It's pretty customary to break off relations with a country when diplomats are
attacked, it goes against the very fabric of diplomatic immunity. Sure
everybody tails them, everybody spies on them, but physical attacks are so far
outside the norm, that I was actually surprised that it took as long as it did
to disconnect the small ties that had been established. I have my issues with
the current administration but to chalk one up against their side after US
diplomats where attacked is wanting at best.

There is no doubt the US meddles and sometimes (maybe even most times) for the
worse, but to attribute Cuban or even Venezuelan strife to primarily the US is
an overreach. The US has backed some bad players in response to communism
(Pinochet comes to mind), but to attribute the misdeeds of the ones that
actually went left, to the US is more of this fantasy-land, we want to try
communism again and this time we will get it right thinking.

What someone says, when they say, "if it where not for the US and capitalist
influence it would have succeeded" is actually that they are saying: that they
are smarter than Engle, Marx, Lenin, Castro, Che, Pol Pot, Mao Zedong, Stalin
and the rest of them; if we just implement their non-dictator, non-western
influenced, idea of communism things will be great this time. The problem is,
all the above mentioned thought the same thing.

I lived thru communism (had family that lived under it in East Germany,
father-in-law was a refuge from Castro), I never realized it would only take a
generation to completely forget how bad it was.
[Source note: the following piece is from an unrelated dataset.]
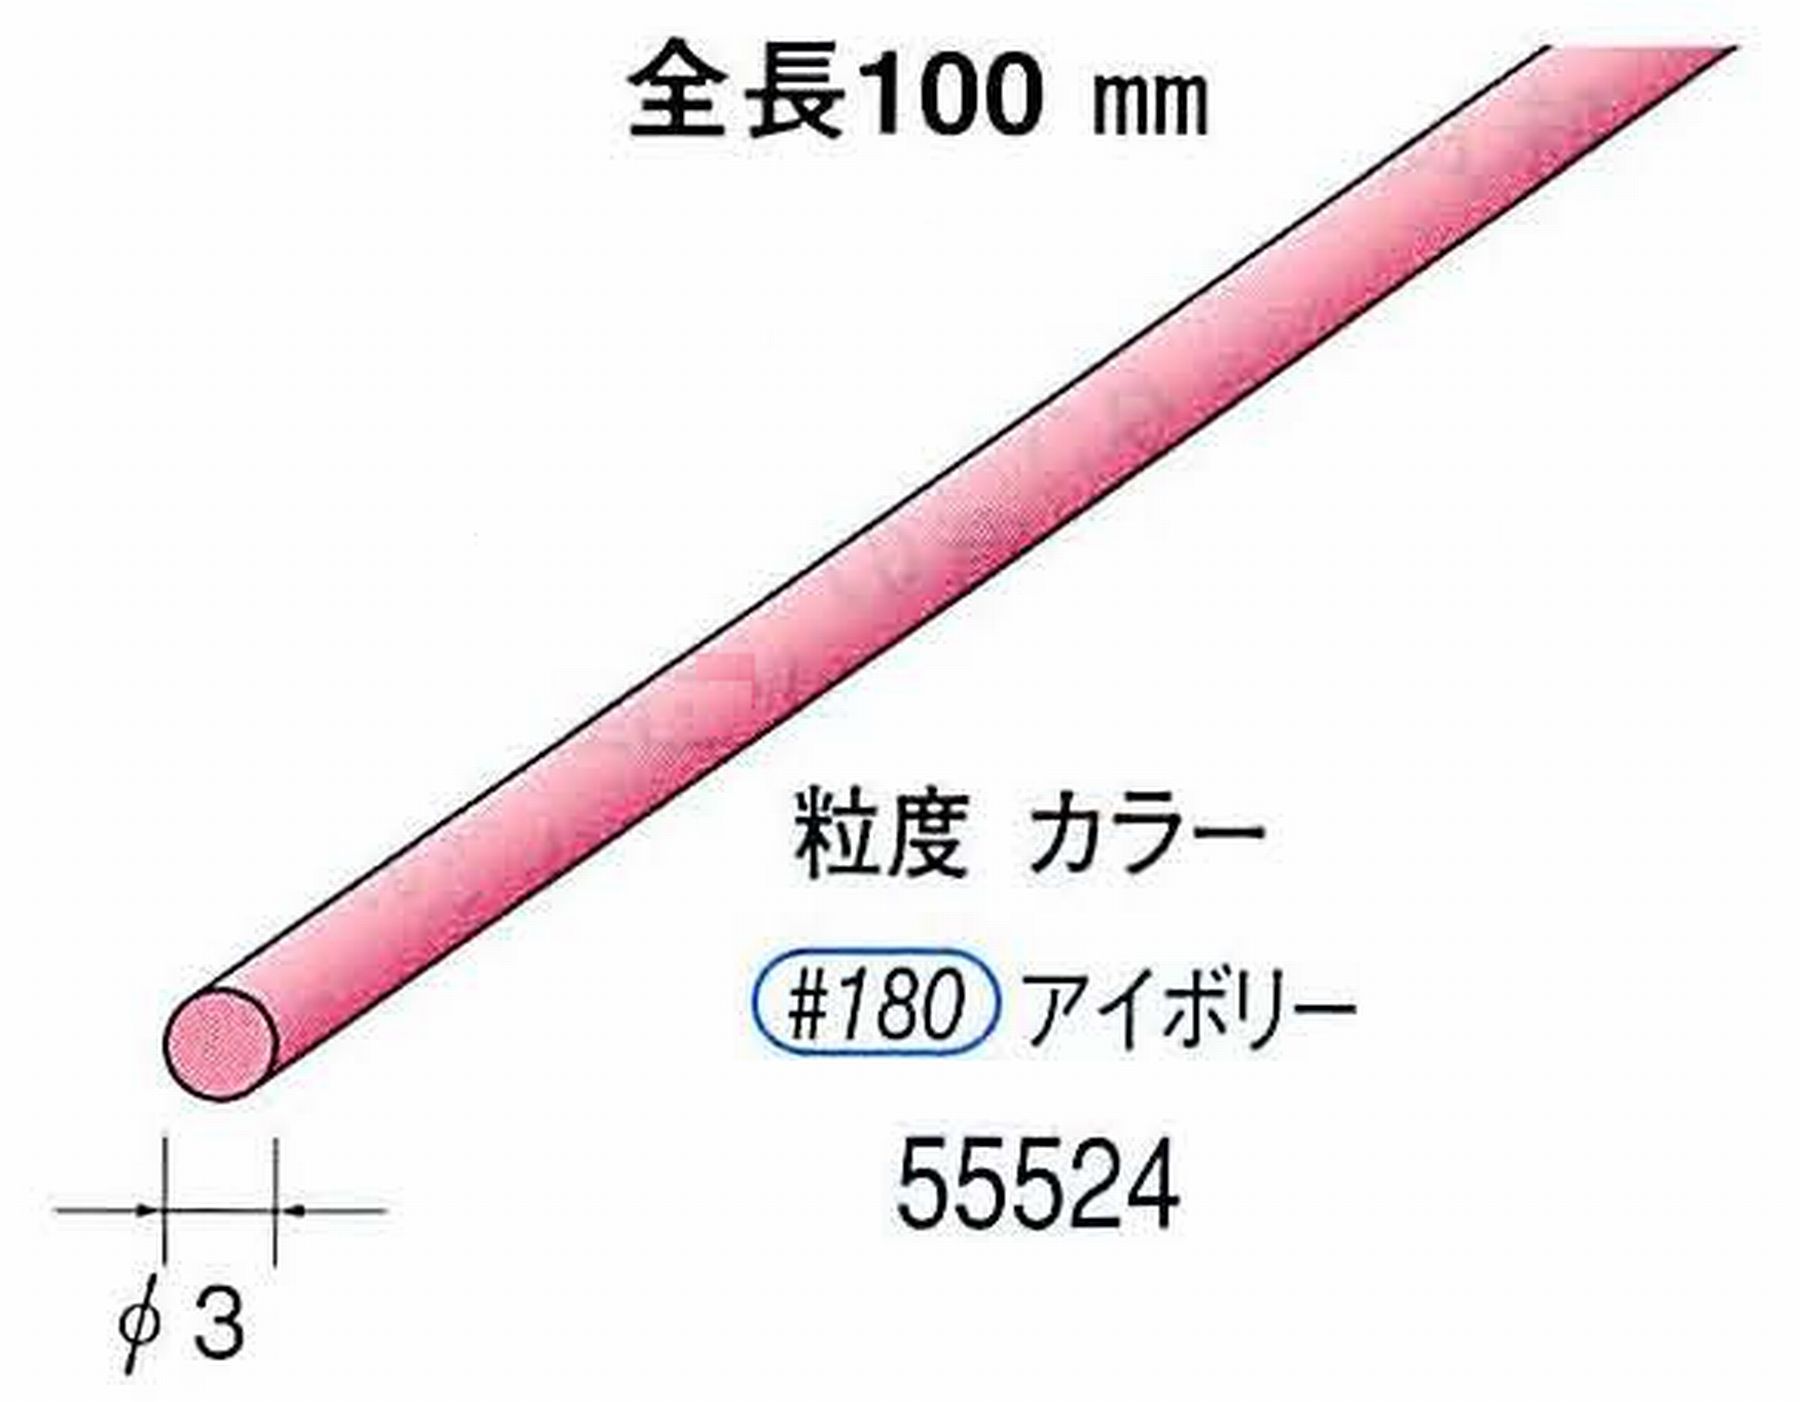 ナカニシ/NAKANISHI セラファイバー砥石 全長100mm アイボリー φ3mm 55524

Honestly what scares me more is, I always thought Fascism and the Nazis had
run their course and there would be no way anyone could make that mistake
again. Now watching the apologizes for the failings of communism, I am really
not so sure, now I realize if these fringe Nazis find the right voice, appeal
the the right social triggers and pull on the correct emotional strings, they
could actually become a force to recon with.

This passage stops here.